The problem is that such activity should also be paid. This is where a basic income, of which Fumagalli is a leading theorist, comes into the picture. This income is not a salary in exchange for labor, nor the recognition of a “merit.” It is the affirmation of an already-existing production, and of the redistribution of the immense wealth produced by the new workforce.
Fumagalli’s book is highly meticulous and detailed in making this point, and should be seen as a guide for deconstructing all the versions of a basic income that would tend to imprison a human life that is already hurt and exhausted by the search for the ever-more-miserable jobs available.

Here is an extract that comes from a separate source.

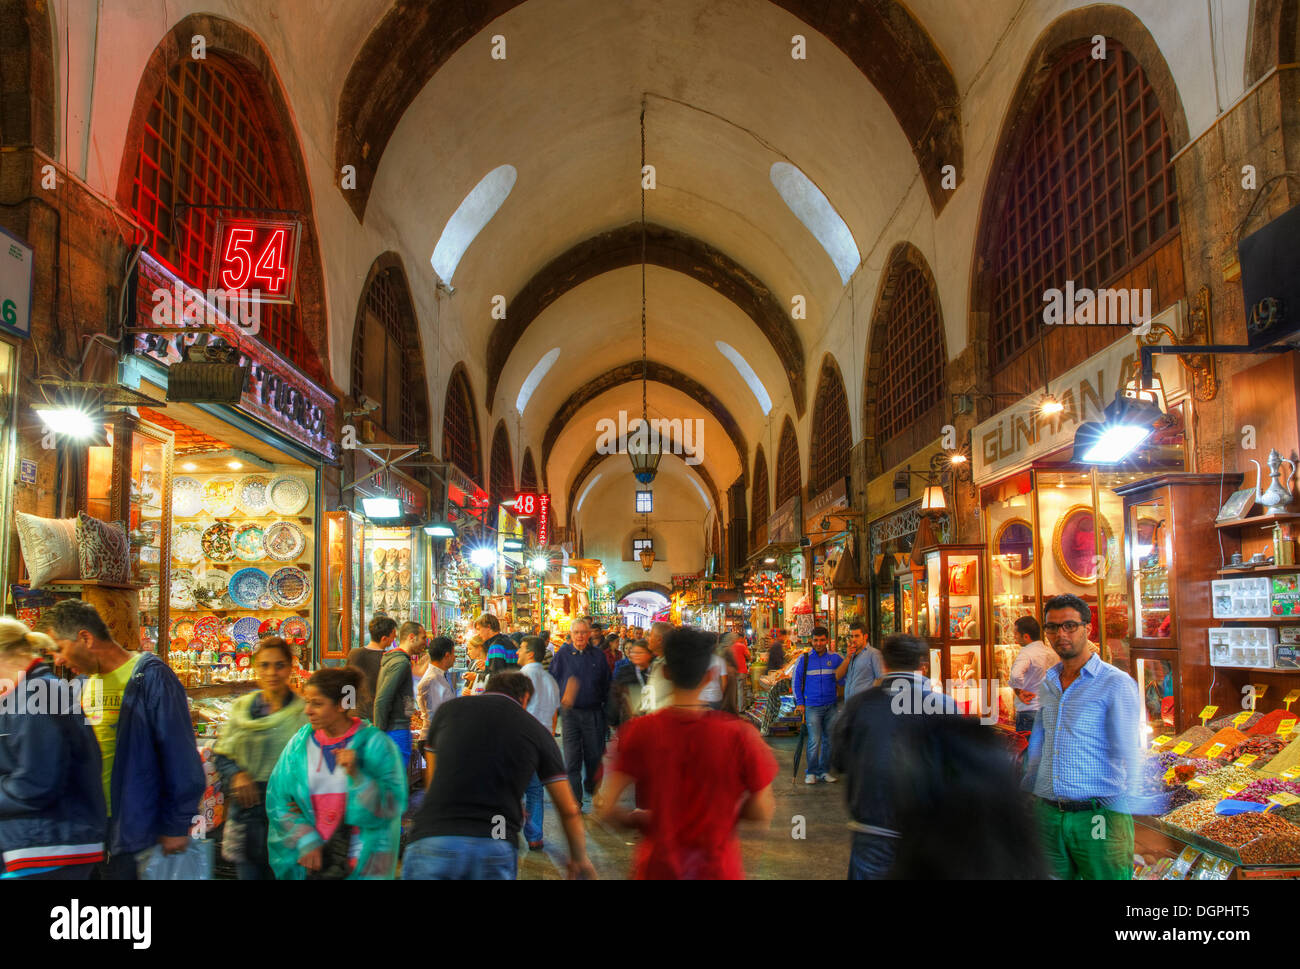 Ägyptische Basar oder Spice Bazaar Mısır Çarşısı, Eminönü, Istanbul, europäische Seite, Provinz Istanbul, Türkei Stockfoto

In a scenario of increasing fragmentation and isolation, as we are witnessing the implosion of subjectivity overburdened with debt, a (basic) income is the prime instrument—the preliminary one, and certainly not a cure-all—for rejecting the blackmail of work and starting a conversation about the self-determination and liberation of human life.
For this, it is not enough to fight the battle only within the framework of “official” employment activity. The fight should be brought to all the areas of life that are being employed for production, and against all those who want to exploit human life by forcing it, by promises and threats, to run the gauntlet of so-called “active policies,” which give little more than breadcrumbs in exchange for submission, without even the possibility of redemption.